Si vous aviez à citer un disque, un livre, un tableau ?
- Un disque de piano. Une musique qui permette de belles envolées… - Un livre… je peux citer un film, à la place ? J’ai récemment vu « De battre mon cœur s’est arrêté », de Jacques Audiard, et ça m’a bouleversée. Ce choix me ramène d’ailleurs à ma première réponse, sur le piano : il est omniprésent dans ce film. Il apparaît à chaque instant comme une promesse de douceur à venir. Une promesse de réconciliation. - Je choisirai une œuvre de Christel Laché. Christel est installée en Aveyron et a bénéficié d’un prêt Nef pour l’installation de son atelier « d’artiste lissière ». Elle puise son inspiration dans l’observation de la nature, des plantes et des fleurs. À partir de ses esquisses réalisées à l’aquarelle, elle fabrique des tapisseries de basse-lisse de grande qualité, selon la méthode ancestrale. Ses créations sont magnifiques. Celle que je choisis est l’ « Iris ». Christelle tisse dans la plus pure tradition pendant de longs mois, mêlant un nombre invraisemblable de couleurs, restituant une magnifique symbolique de la plante observée… (Voir p.14 et 15 Sat'Info N°80 Juillet 2005 )

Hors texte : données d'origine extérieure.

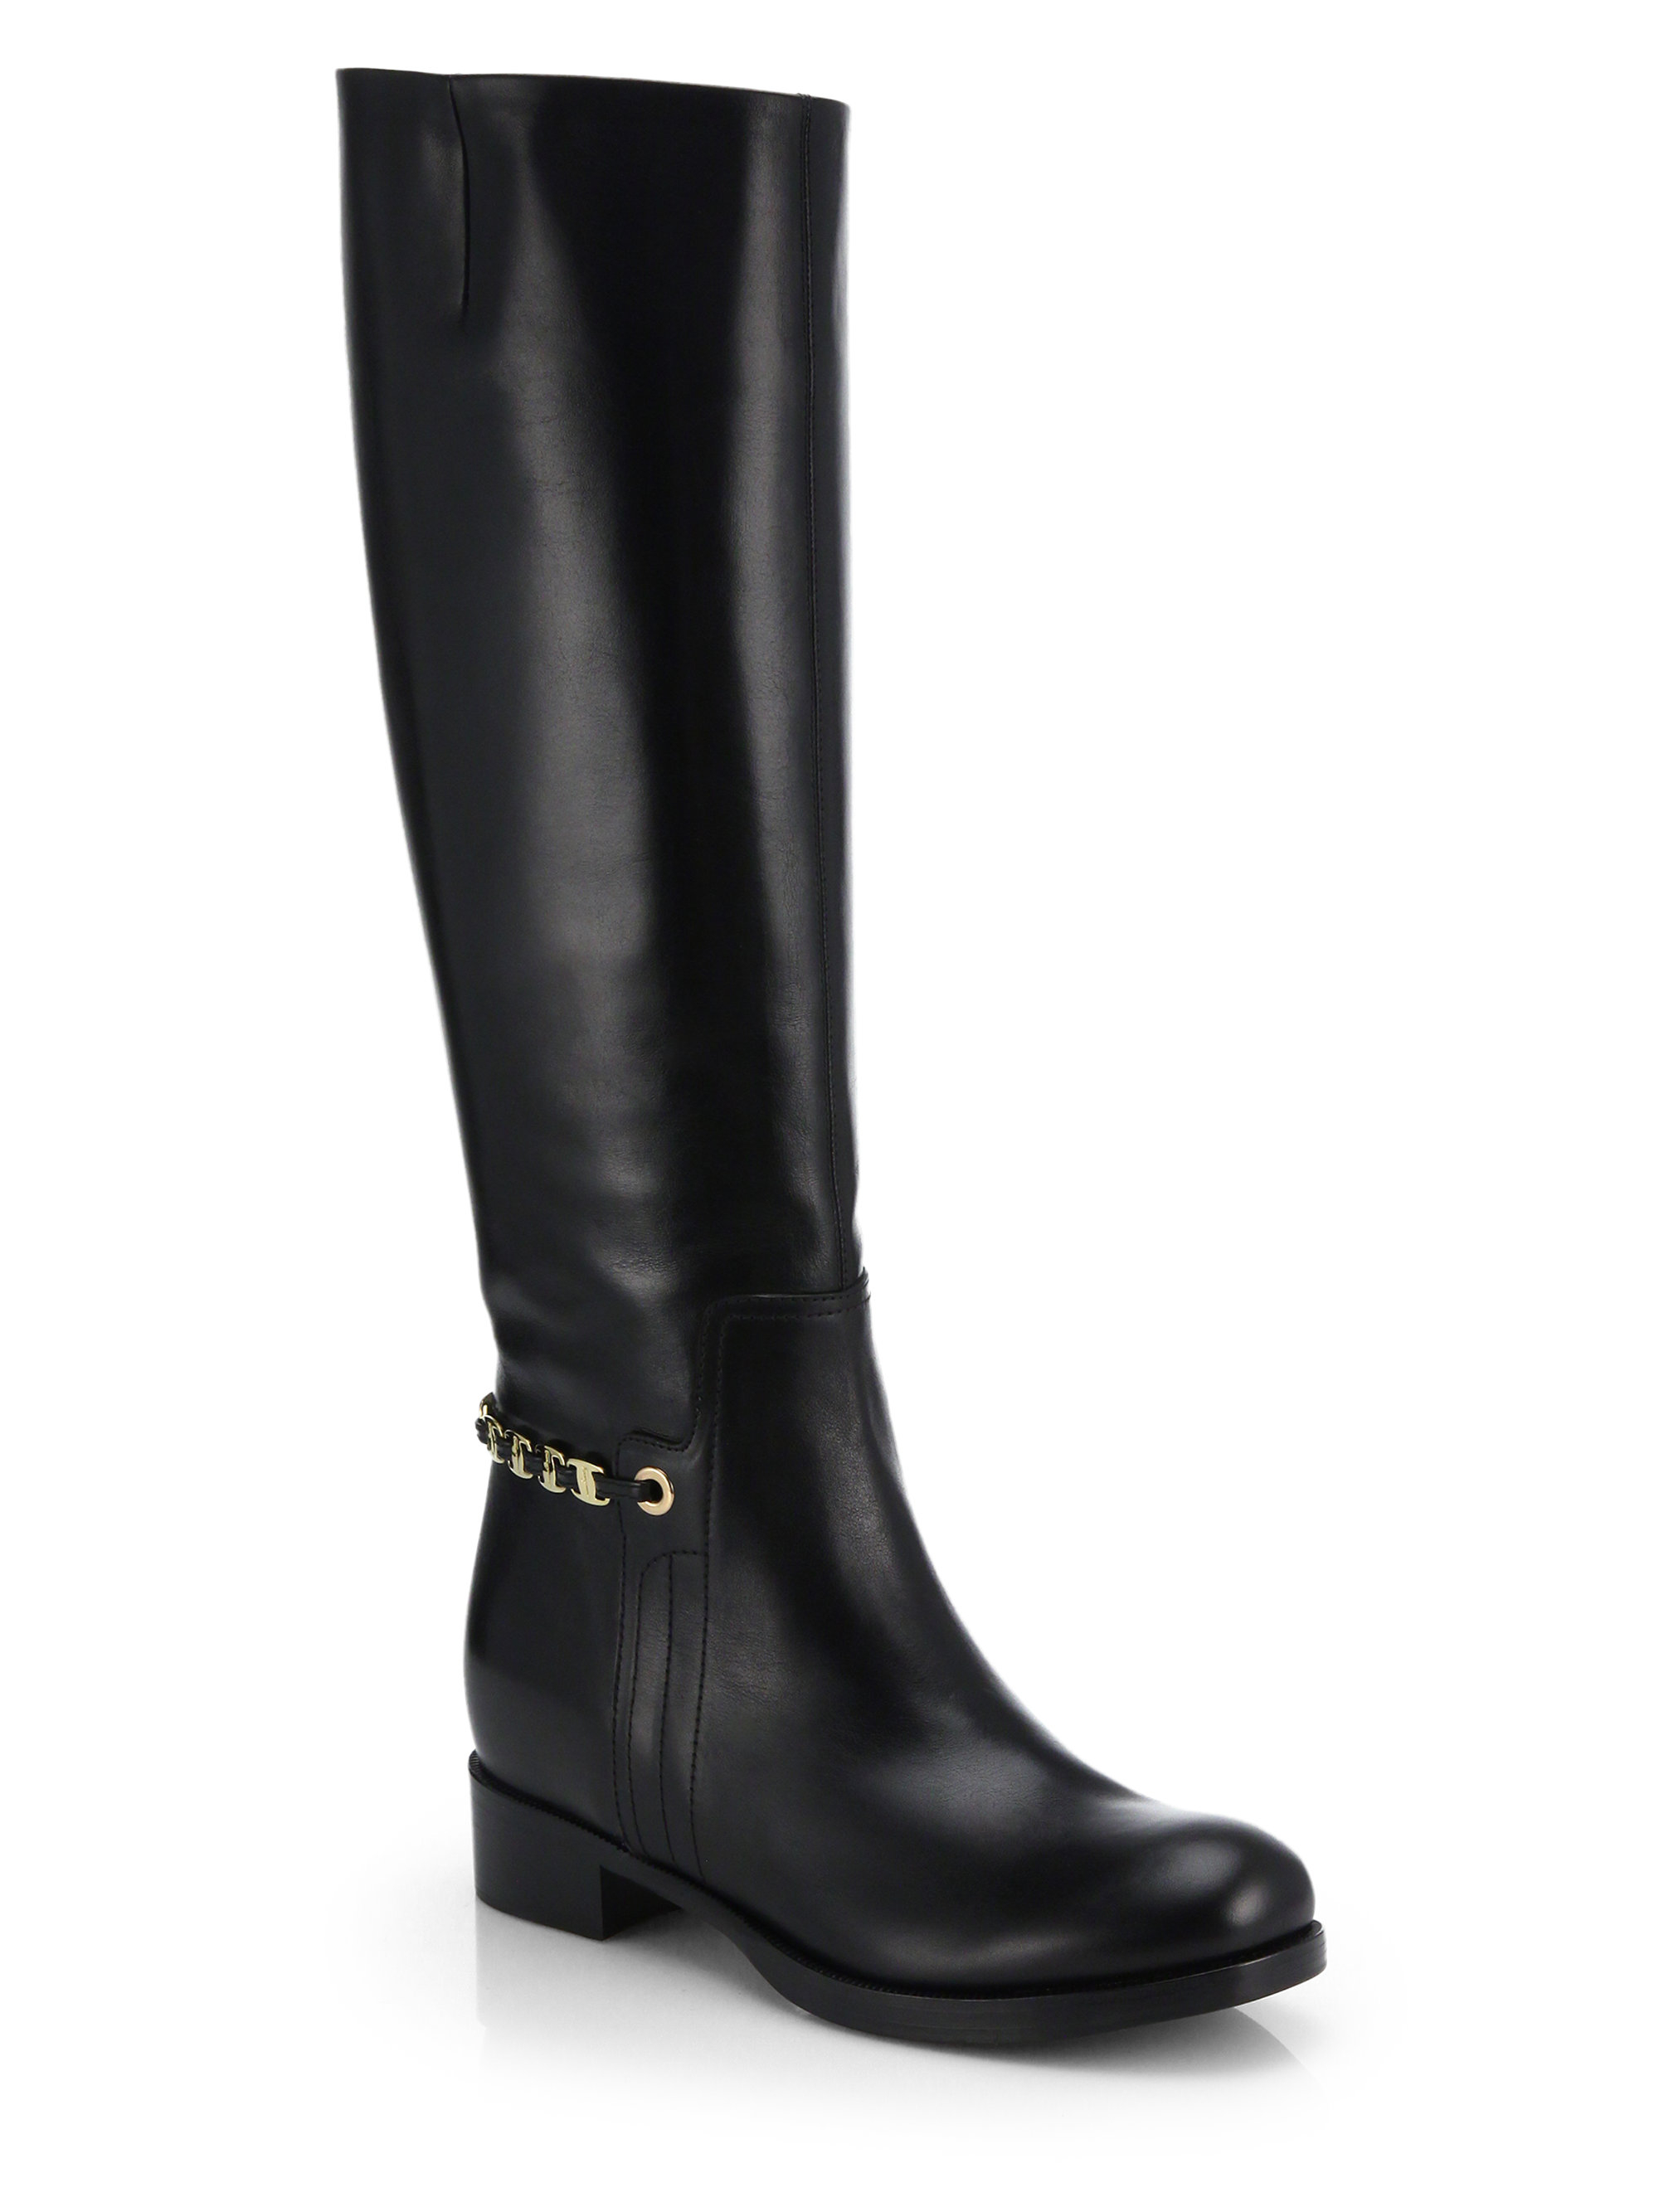 Lyst - Ferragamo Nando Chain-Trimmed Leather Boots in Black

Devenir sociétaire en souscrivant des parts de capital, pour participer au développement de la Nef
La Nef n’est pas un établissement bancaire classique. C’est une coopérative financière dont le capital est détenu par les sociétaires (12 500 à ce jour). Augmenter les parts sociales de la Nef, c’est accroître sa solidité et lui donner plus de moyen et d’autonomie. Le souscripteur bénéficie également d’un avantage fiscal très intéressant.
Placer son épargne à la Nef, pour donner priorité à ses valeurs
C’est grâce à une épargne stable que la Nef soutient des projets dans la durée.
Les comptes à terme permettent :
- de bénéficier d’une rémunération contractuelle, variable selon la durée du placement - de partager ses intérêts avec une association partenaire œuvrant dans la protection de l’homme et de son environnement - d’orienter son épargne vers le domaine que chacun souhaite soutenir : environnement, insertion sociale, développement culturel, etc…
Le plan épargne Nef permet :
- de constituer une épargne progressive en vue de réaliser ses projets à moyen terme - de partager ses intérêts avec une association de solidarité internationale
Ouvrir un compte courant et un livret d’épargne, pour donner un sens à son argent de tous les jours
Grâce à son partenaire bancaire, le Crédit Coopératif, la Nef offre tous les services d’une épargne disponible à tous moments : chéquier, carte bancaire (retrait national, visa…), livret d’épargne.